Questions: Newcomb's Problem

5 questions to test your understanding

Score: 0 / 5
Question 1 Multiple Choice

A causal decision theorist is shown the following argument: 'One-boxers walk away with $1,000,000 nearly every time; two-boxers walk away with $1,000 nearly every time. Therefore you should one-box.' How does the causal decision theorist respond?

AThe argument is valid — expected value calculations are the correct basis for rational choice
BThe correlation between one-boxing and the large prize is spurious, caused by the predictor's method, not by the player's choice
CAt the moment of your choice, the contents of the opaque box are already fixed — taking both boxes always yields $1,000 more than taking one, regardless of what is in it
DThe argument would be valid only if the predictor's accuracy were 100%; at 99%, two-boxing has higher expected value
Question 2 Multiple Choice

A player reasons: 'I am the kind of person who one-boxes.
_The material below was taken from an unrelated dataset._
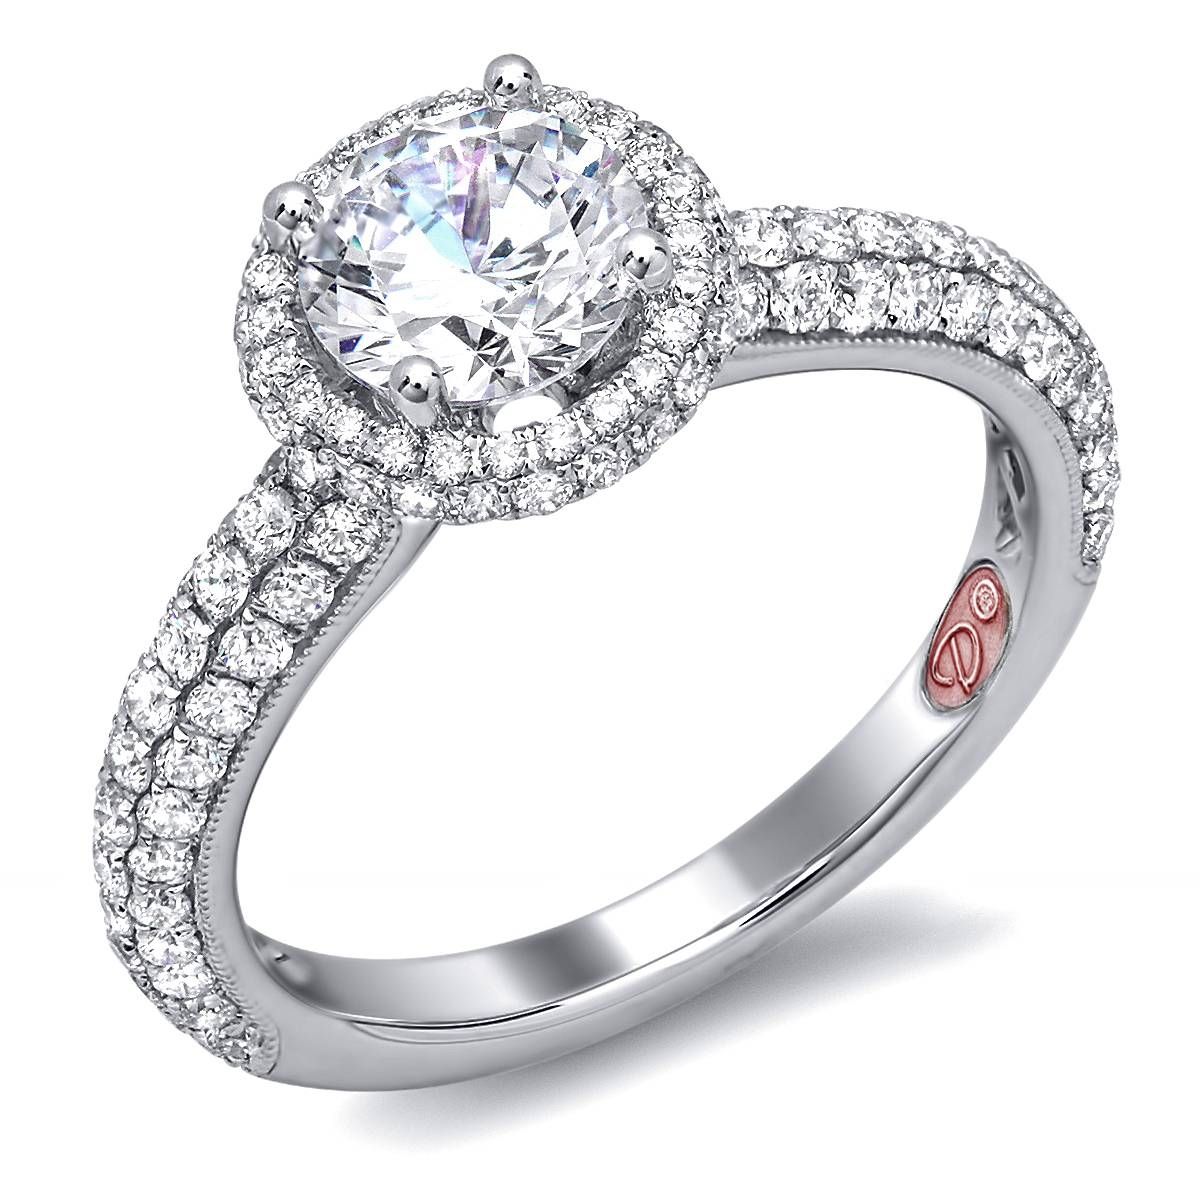 Round | Demarco Bridal Jewelry Official Blog For Wedding Rings With Diamonds All Around (View 1 of 15)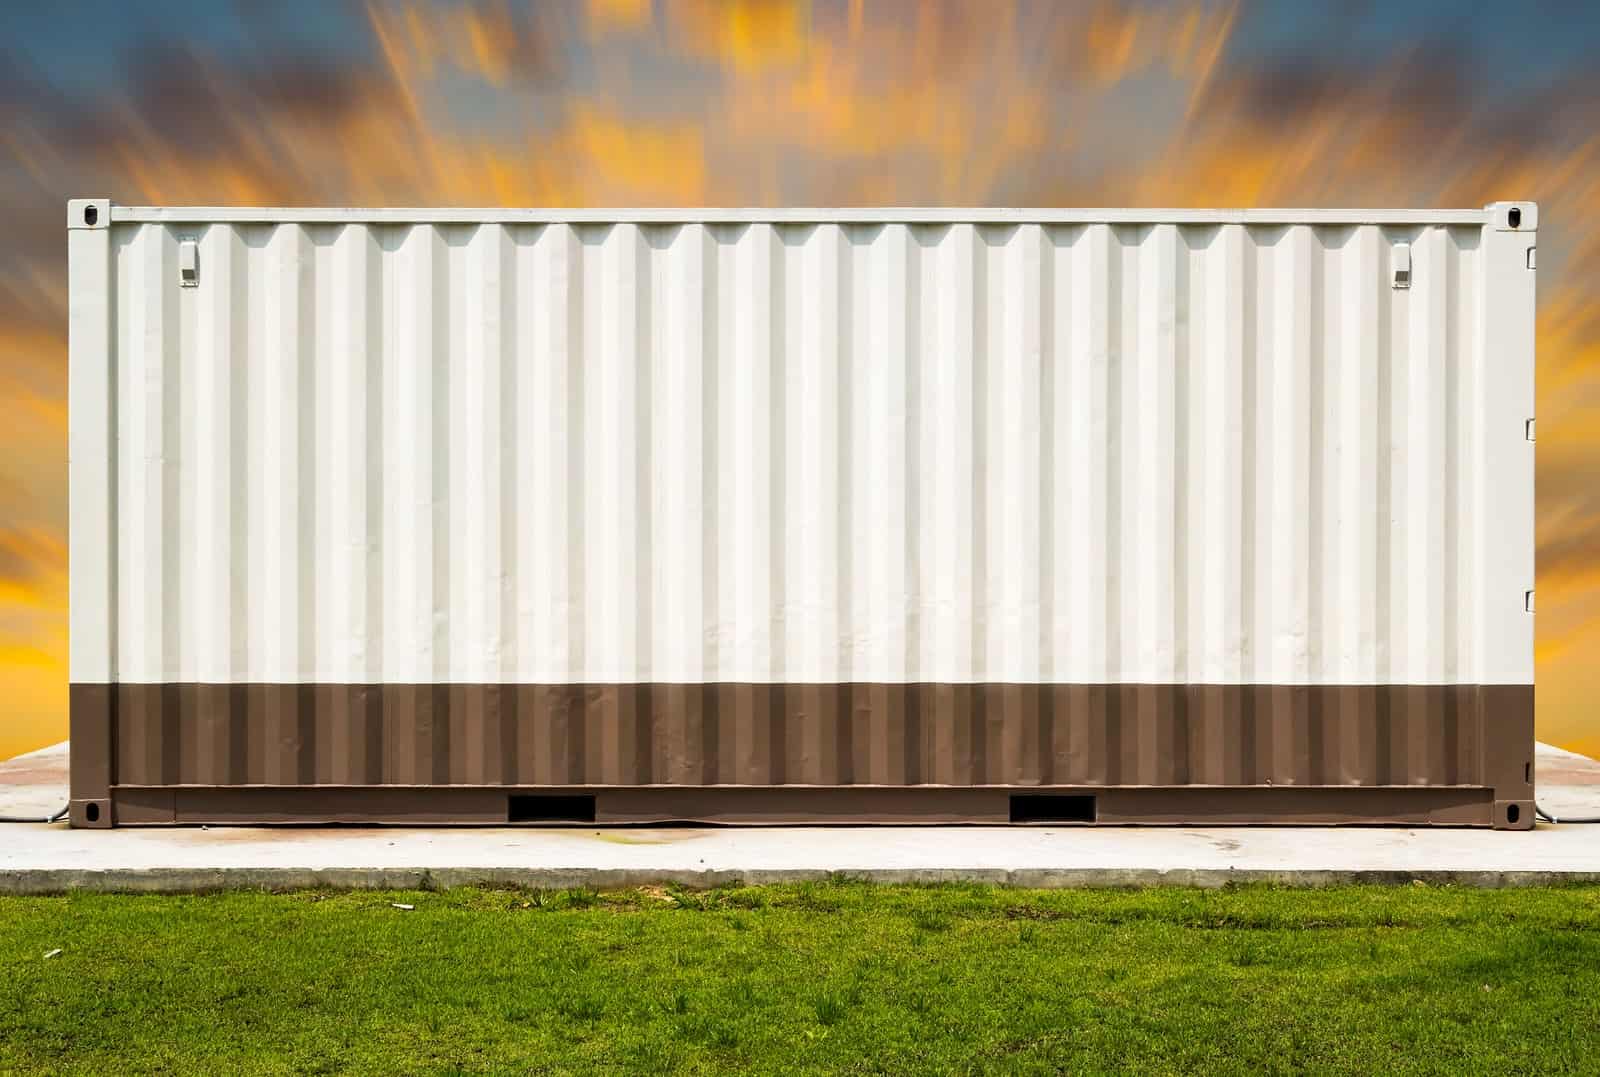 Used Storage Containers For Sale Are Neither Expensive nor Damaged

The predictor is nearly perfect. Therefore the box almost certainly contains $1,000,000.' This reasoning exemplifies:

ACausal decision theory — the player correctly identifies that choosing to one-box causes the $1M to be placed
BEvidential decision theory — the player treats one-boxing as strong evidence that the box contains $1M, regardless of whether the choice causally affects the contents
CA logical fallacy — past correlations among other players cannot predict what is in this player's box
DBayesian updating — the player correctly calculates a posterior probability conditional on the predictor's past accuracy
Question 3 True / False

The two-boxing argument in Newcomb's problem rests on the observation that, at the moment of choice, the contents of the opaque box are already determined and cannot be causally changed by your decision.

TTrue
FFalse
Question 4 True / False

Newcomb's problem has a single correct answer — one-boxing — because the expected monetary value of one-boxing ($990,000) clearly exceeds the expected value of two-boxing (~$11,000) given the predictor's 99% accuracy.

TTrue
FFalse
Question 5 Short Answer

Why doesn't Newcomb's problem have a universally accepted correct answer, and what makes it philosophically valuable despite this?

Think about your answer, then reveal below.